Things I can agree on:
- Gravitiatonal energy should be disregarded. - It's 1.5 psi pressure equivalent per metre of water, and we are dealing with 20 centimetres at most - the pressure is negliable.

- Standard pressure and flow calculations - but not necessarily the uses that are being made of them.

Problems I can see:
Water is compressible, but volume wise, the change is miniscule - thus the fact that it compresses can be disregarded for maths, not necessarily theory.

Fluids carry pressure, solids carry force - due to having their own shape, rather than that of the container.

Imagine the following experiment.

If I have a pipe with a metal bar running through it. On each end there is a metal plate - one larger than the other.

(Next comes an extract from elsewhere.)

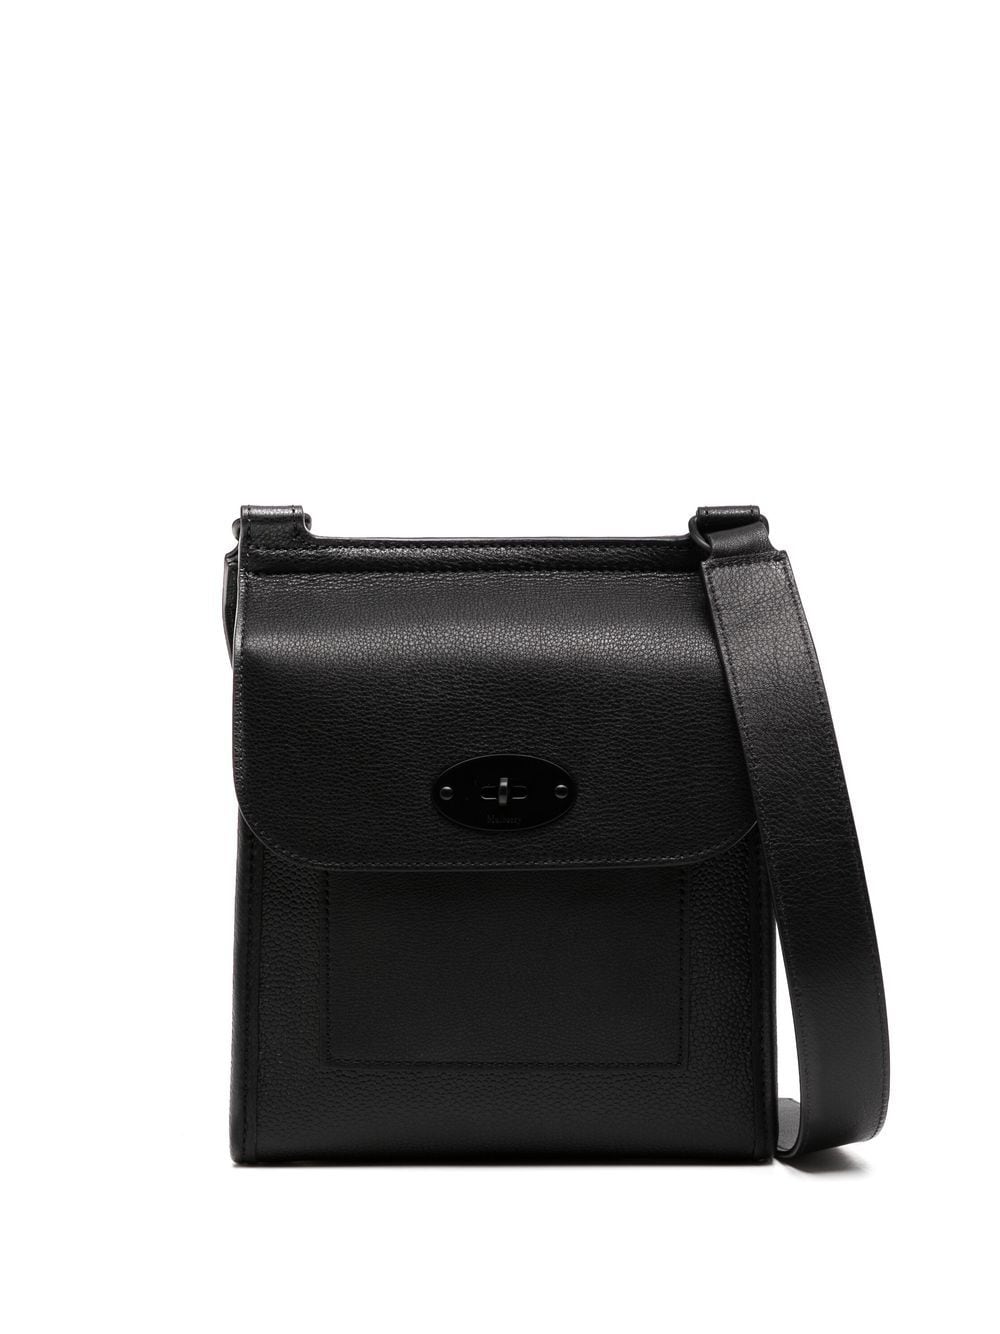 Mulberry Antony Leather Messenger Bag In 黑色

If I have a person on each end shoving on the plates, does the size of the plates matter? - no, because force is carried by the metal bar - not pressure.

If I have the same pipe with syringe type things on each end and water in the middle... If one syringe has a larger ID, does this matter?

Yes, - the larger ID will spread the force the user exerts. The force is turned into pressure. Thus the user with the smaller syringe will be able to push the other user's out with theirs.

Force only exists on the division between water and air. After that, the fluid converts it back to pressure.

Force cannot be carried by fluid.

@ Insanitys engineer - Firstly, the force cannot be carried, and secondly, pressure pushes equally on all points.

The equal and opposite force countering it is mostly countered by the bottom of the chamber, rather than being channelled along the piping to the nozzle.